Each session instance should only be accessed from a single thread at a time. Do not share session objects across threads or use them in concurrent operations.
Why This Matters:
When you call PDFDancer.open(), you create a session that maintains state on both the client and server. Concurrent access from multiple threads can lead to:
- Race conditions and unpredictable behavior
- Corrupted PDF state
- API errors and failed operations
Safe Patterns:
- Python
- TypeScript
- Java
from pdfdancer import PDFDancer
from concurrent.futures import ThreadPoolExecutor
# ✓ SAFE: Each thread creates its own session
def process_pdf(file_path: str) -> None:
with PDFDancer.open(file_path) as pdf:
# Operations on this session
paragraphs = pdf.select_paragraphs()
pdf.save(f"output_{file_path}")
# Process multiple PDFs in parallel - each gets its own session
with ThreadPoolExecutor() as executor:
executor.map(process_pdf, ["doc1.pdf", "doc2.pdf", "doc3.pdf"])
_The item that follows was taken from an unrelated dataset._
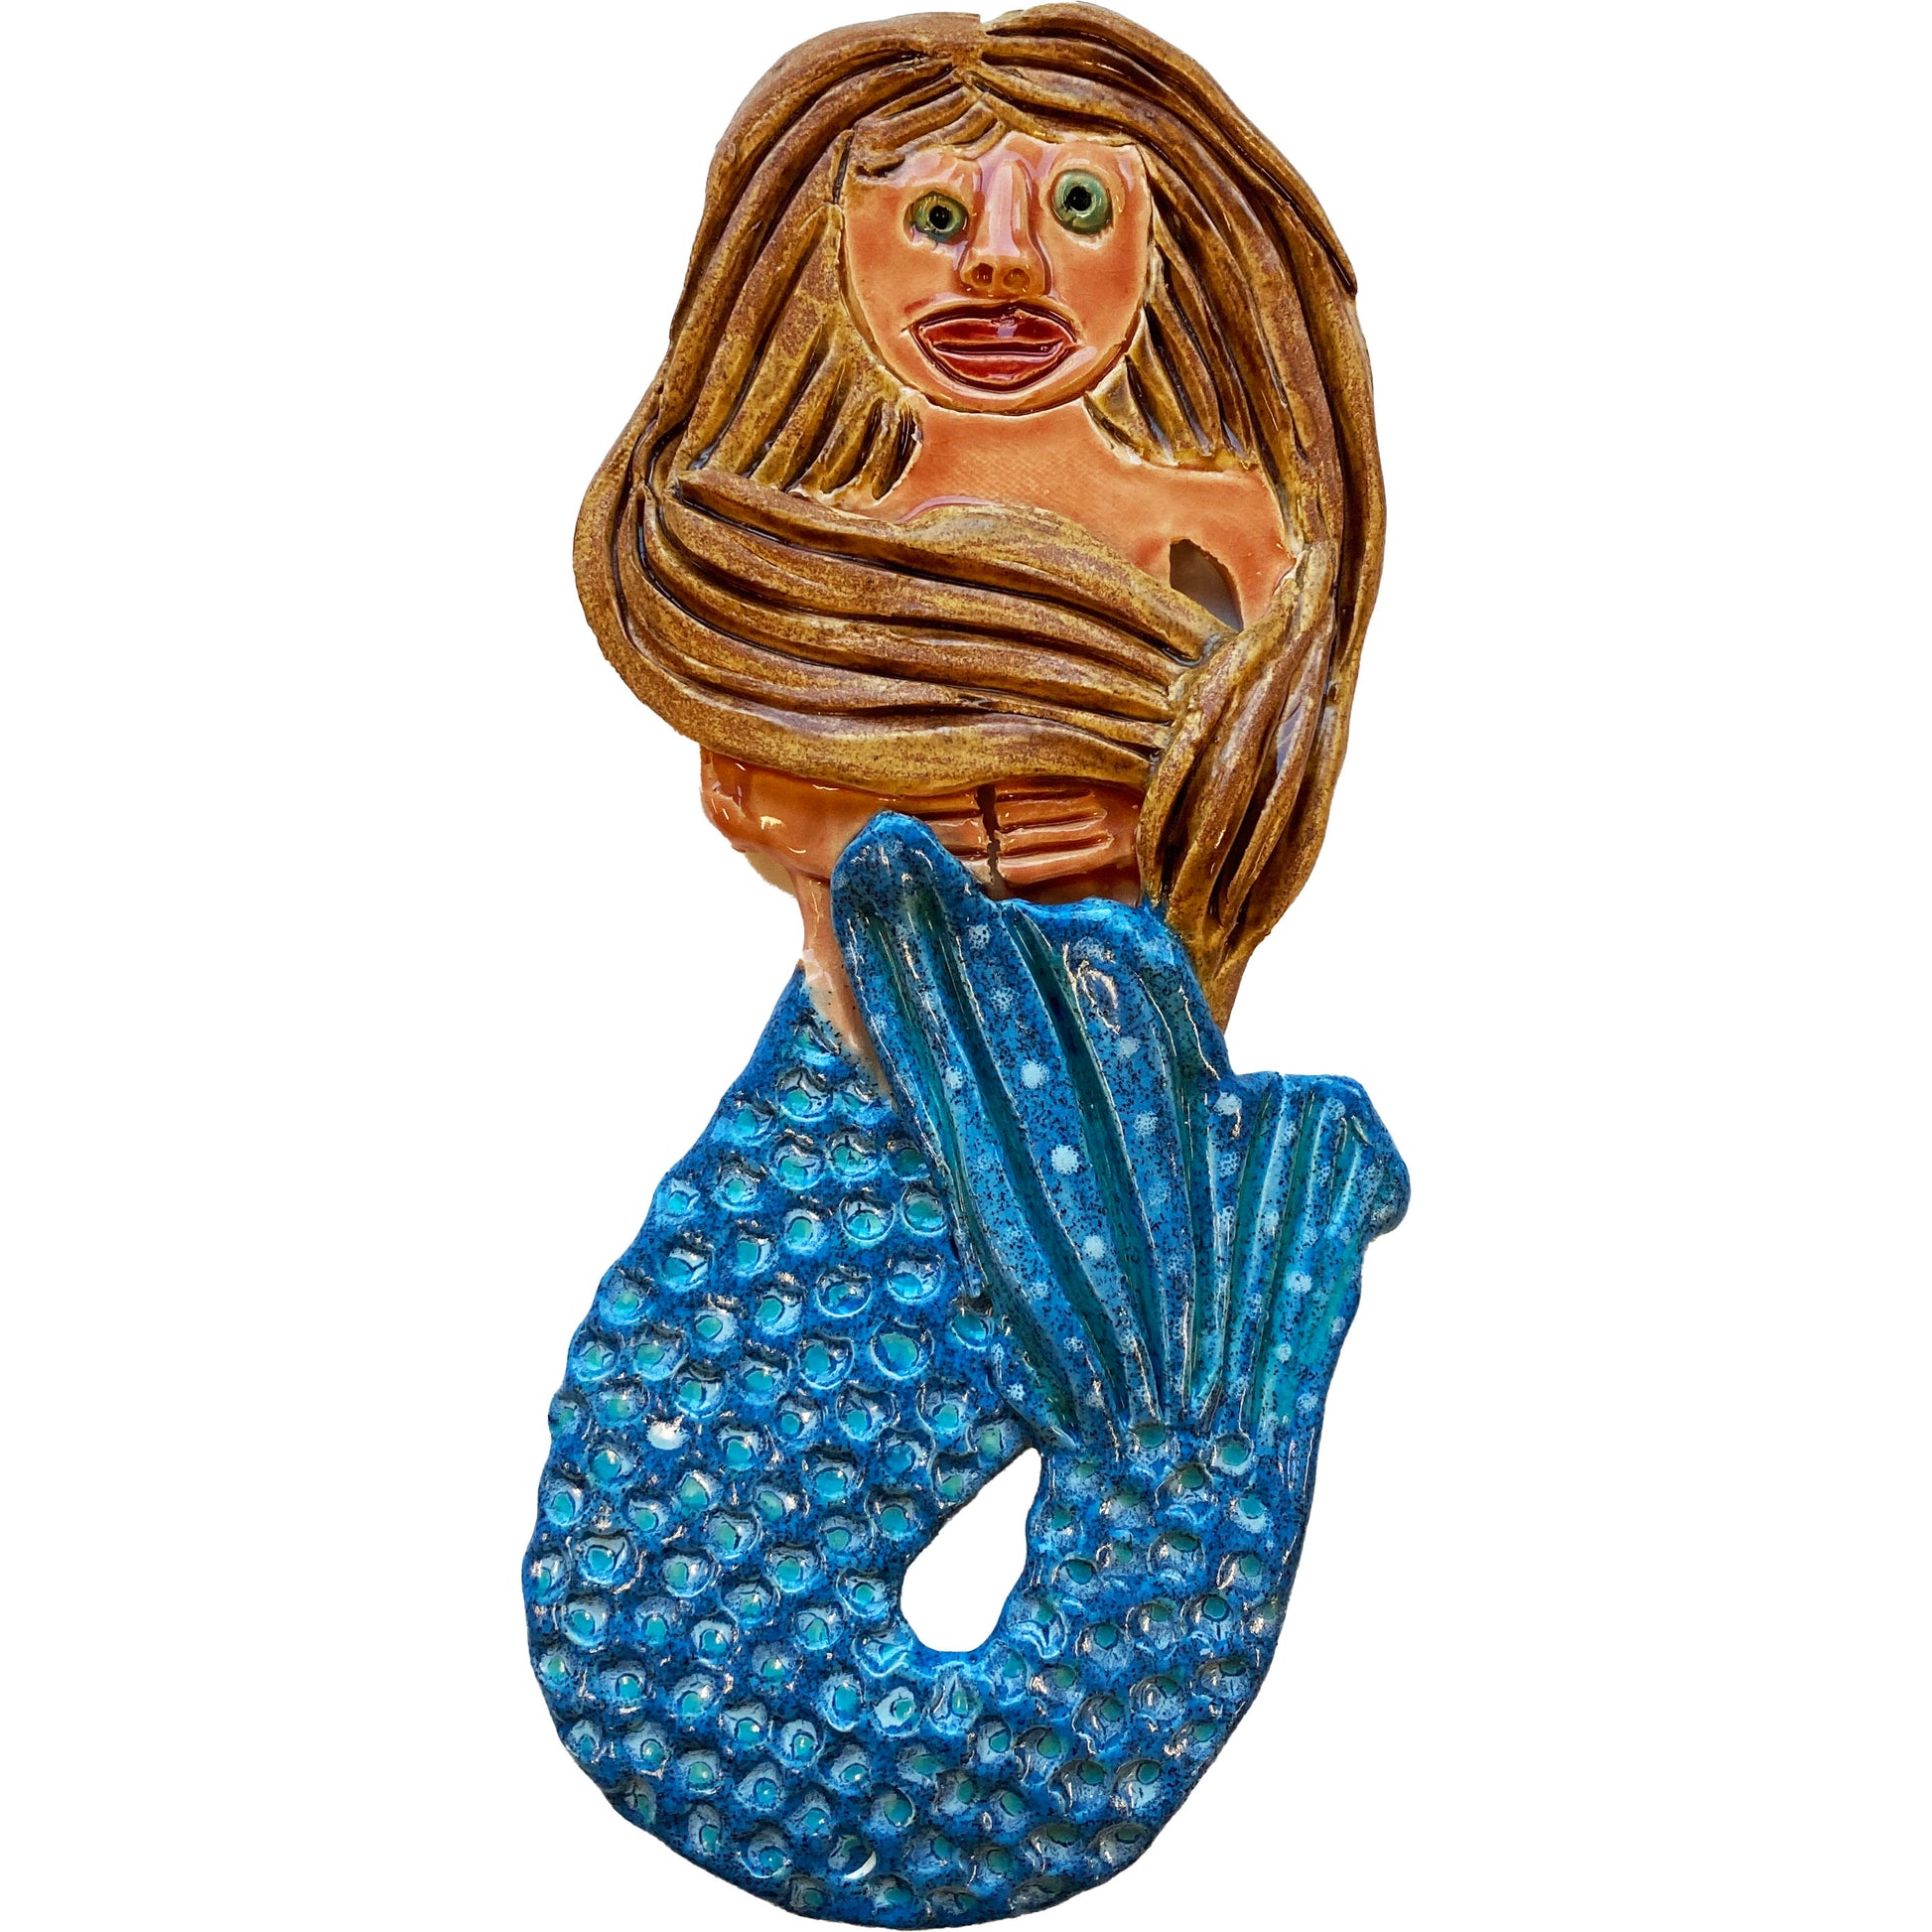 WATCH Resources Art Guild - Ceramic Arts Handmade Clay Crafts Fresh Fish 12.5-inch x 5.5-inch Glazed Mermaid by Lisa Uptain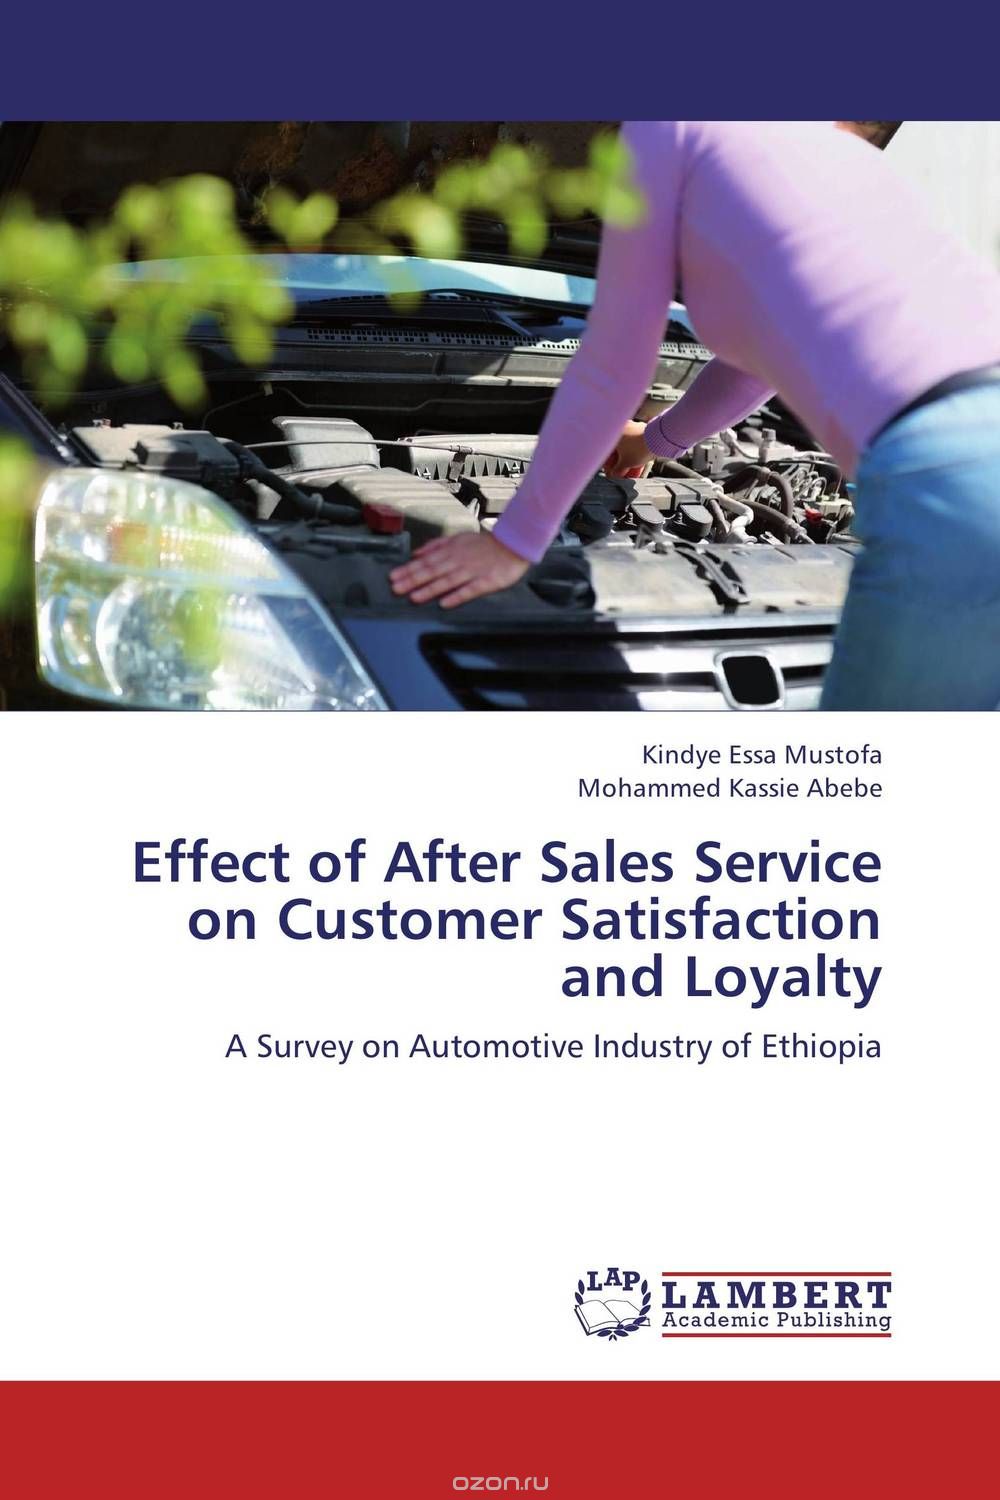 Скачать книгу "Effect of After Sales Service on Customer Satisfaction and Loyalty"

# ✗ UNSAFE: Sharing a session across threads
pdf = PDFDancer.open("document.pdf")
def unsafe_operation():
# DON'T DO THIS - multiple threads using the same session
pdf.select_paragraphs() # Not thread-safe!
with ThreadPoolExecutor() as executor:
executor.submit(unsafe_operation)
executor.submit(unsafe_operation)
import { PDFDancer } from 'pdfdancer-client-typescript';
// ✓ SAFE: Each async operation creates its own session
async function processPdf(filePath: string): Promise<void> {
const pdfBytes = await fs.readFile(filePath);
const pdf = await PDFDancer.open('document.pdf');
const paragraphs = await pdf.selectParagraphs();
await pdf.save(`output_${filePath}`);
}
// Process multiple PDFs - each gets its own session
await Promise.all([
processPdf('doc1.pdf'),
processPdf('doc2.pdf'),
processPdf('doc3.pdf')
]);
// ✗ UNSAFE: Sharing a session across concurrent operations
const pdf = await PDFDancer.open('document.pdf');
// DON'T DO THIS - concurrent operations on the same session
await Promise.all([
pdf.selectParagraphs(), // Not safe!
pdf.selectImages() // Not safe!
]);
import com.pdfdancer.client.rest.PDFDancer;
import java.util.concurrent.ExecutorService;
import java.util.concurrent.Executors;
// ✓ SAFE: Each thread creates its own session
class ProcessPdfTask implements Runnable {
private final String filePath;
public void run() {
try {
byte[] pdfBytes = Files.readAllBytes(Paths.get(filePath));
PDFDancer pdf = PDFDancer.createSession(apiKey, pdfBytes, httpClient);
List<TextParagraphReference> paragraphs = pdf.selectParagraphs();
pdf.save("output_" + filePath);
} catch (IOException e) {
// Handle exception
}
}
}
// Process multiple PDFs in parallel - each gets its own session
ExecutorService executor = Executors.newFixedThreadPool(3);
executor.submit(new ProcessPdfTask("doc1.pdf"));
executor.submit(new ProcessPdfTask("doc2.pdf"));
executor.submit(new ProcessPdfTask("doc3.pdf"));
// ✗ UNSAFE: Sharing a session across threads
PDFDancer pdf = PDFDancer.createSession(apiKey, pdfBytes, httpClient);
// DON'T DO THIS - multiple threads using the same session
executor.submit(() -> pdf.selectParagraphs()); // Not thread-safe!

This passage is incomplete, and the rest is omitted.